As per the intro, taco pads should technically be stored open, which is something worth bearing in mind as storing it closed can have an adverse effect on the pad's durability. Clearly this isn't always ideal, particularly with pads as large as this, as you need a similarly large space to store them which isn't always possible.
At 8kg the Saturn is a reasonable weight for its size. It's a big pad, and with that you expect a bit of heft, but it's nothing out of the ordinary.
The base of the Saturn has rough black anti-slip strips. These do what it says on the tin and stop your pad from slipping, both whilst standing and falling on it. Given that the majority of UK landings are slippery - often grass or mud - and that a totally flat landing is rare, the anti-slip strips are extremely useful and work remarkably well. There are fewer things more disconcerting than landing on your mat and having it slip out from underneath your feet, so this feature is one that we really love - not least because of its simplicity (you wouldn't notice it was there).
The Saturn also has an ingenious cover flap (mentioned earlier) which works in three different ways: firstly, it covers the bottom of the mat when folded so your belongings don't fall out. Secondly, when the mat is deployed it covers the straps so that you don't trip on them when walking or landing on the pad. Thirdly, when it's covering the straps, it's carpeted so that you can keep your shoes clean for optimal performance when climbing and to prevent unnecessary erosion on the rock. Another simple but effective feature.
The heaviest and most expensive pad in the test, the SNAP Grand Wham is a bit of a beast. However, with a new improved carry system, sturdy components and some nice features, it is an investment piece that is built to last and a great 'one mat' if you're out by yourself. As well as being reassuringly thick, its Air Cell technology provides soft landings from shorter distances and firmer support for highball falls - you won't bottom out. This construction also means it is unlikely to go soft over time and its taco form is useful for padding out uneven landings. But all this comes at a hefty price and because of its construction, thickness and different landing feel, it doesn't always play nicely with other mats.

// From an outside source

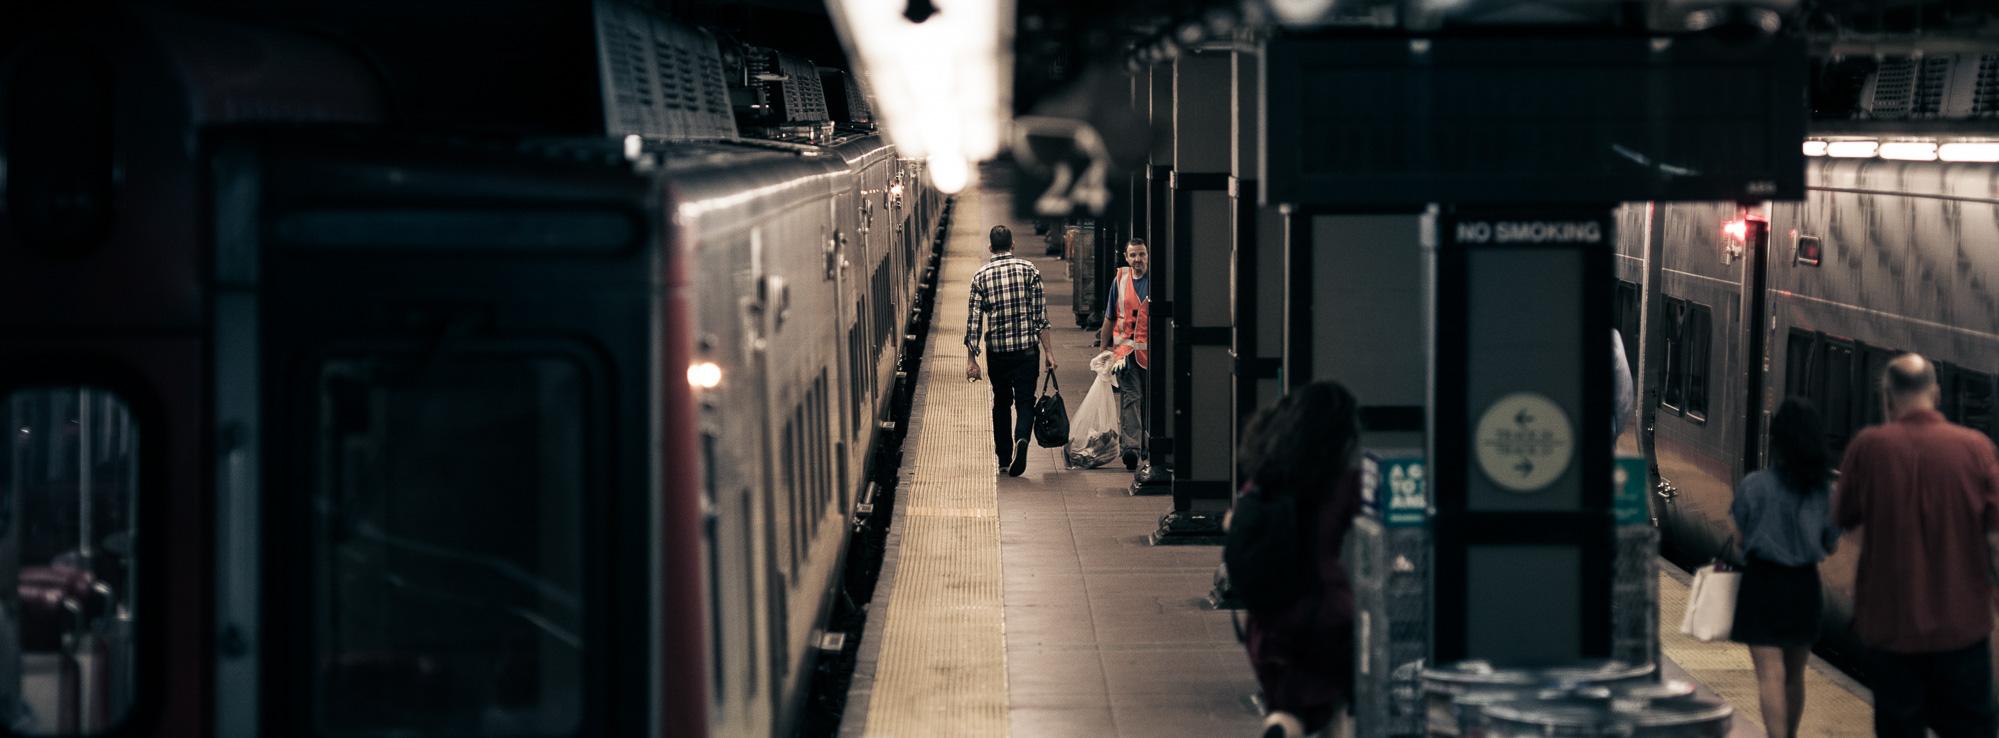 TomKluyver_NYC-4.jpg

The Grand Wham uses SNAP's Air Cell Technology with twenty compartmentalised foam cells. Two types of foam are used: on the top is a full layer of 20mm high density impact-reducing EVA foam; beneath this each individually wrapped cell contains 120mm of high density impact absorbing polyurethane foam with a few holes in to release air. This means that the pad definitely has a right way up! The aim of the air cells is to stop air escaping too quickly and prevent rebound, giving a soft landing from a short distance and a firmer more supportive one from higher up. The thinner denser layer complements this really well by dispersing force across the surface. This definitely makes it a reassuring pad for highballing. For those who suffer from historical lower limb injuries, it is also more forgiving on joints than a traditional foam construction. We've also found that a crowd working a problem is always really pleased when you turn up and add a SNAP to the mix!
Carrying System and Comfort
With fully detachable shoulder straps and a lightly padded hip belt, SNAP have vastly improved the carrying system used in the previous larger air cell mats - formerly known as the 'Grand Wrap'. The addition of a hip belt makes a huge difference, giving the stability that is needed for such a bulky and heavy pad. All parts can be removed to declutter your landing, and the shoulder strap stashes in a fabric slot in the side of the mat.

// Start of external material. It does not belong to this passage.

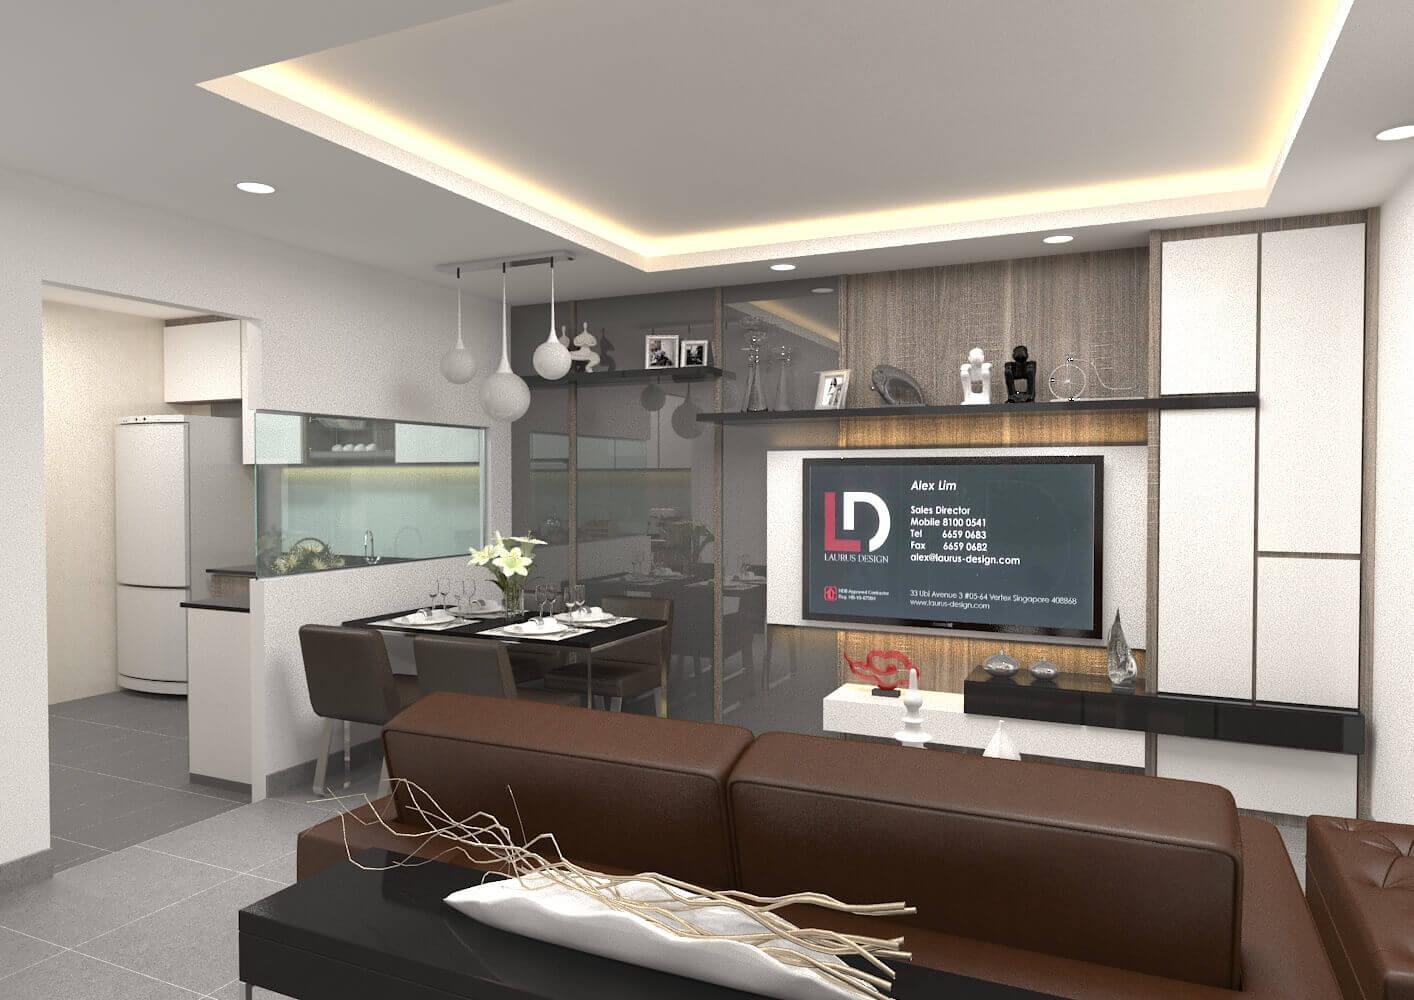 4 Room Hdb Laurus Design Pte Ltd

Tested on a few people, we found that this system keeps weight on the hips with a reasonable centre of gravity, though being so large there is some weight higher up. If you have a shorter back or are just generally smaller, this is likely to feel unwieldy.
All in all, it's not the most comfortable of carries, but it's hard to think how something of this size and shape could actually be comfortable… if your approach is more than 30 minutes you might want to foist the carrying onto someone else!
The Grand Wham closes intuitively with three strong velcro straps which thread through lightweight, robust buckles; two along the short edge and one on the bottom carrying edge. This avoids the fiddliness of buckles in the winter. However, the firmness of the air cells means that this is a hard pad to fold - you do spend your fair share of time wrestling*. When you get there the velcro is plenty strong enough to hold the beast together plus securely carry any shoes, etc you've stuffed inside the taco. Notably the velcro also continues to do the job well even when it has hooked up a good measure of dead ferns and moss, something that usually hampers this style of closure over time.
Unlike most mats, the Grand Wrap folds with the landing surface on the inside, so instead of just chucking it down folded to sit on, you have to be a bit more careful and perhaps open it up if you want to preserve clean feet.
* if you're after something a little easier to close, check out the 'Guts' - the hinge version of the Grand Wham
The outer material (ground side) is a beefy 900D 100% recycled polyester, while the underlay and sides are 600D polyester with a TPU (Thermoplastic Polyurethane) coating. This is non-slip, providing grip on uneven sandy landings and also washable/wipeable, meaning you can easily de-sheep poo it after a session on Hamper's Hang.
The metal buckles seem robust and there is solid stitching throughout eg. drag handles, and the edges themselves are seamless to prevent ripping on falls.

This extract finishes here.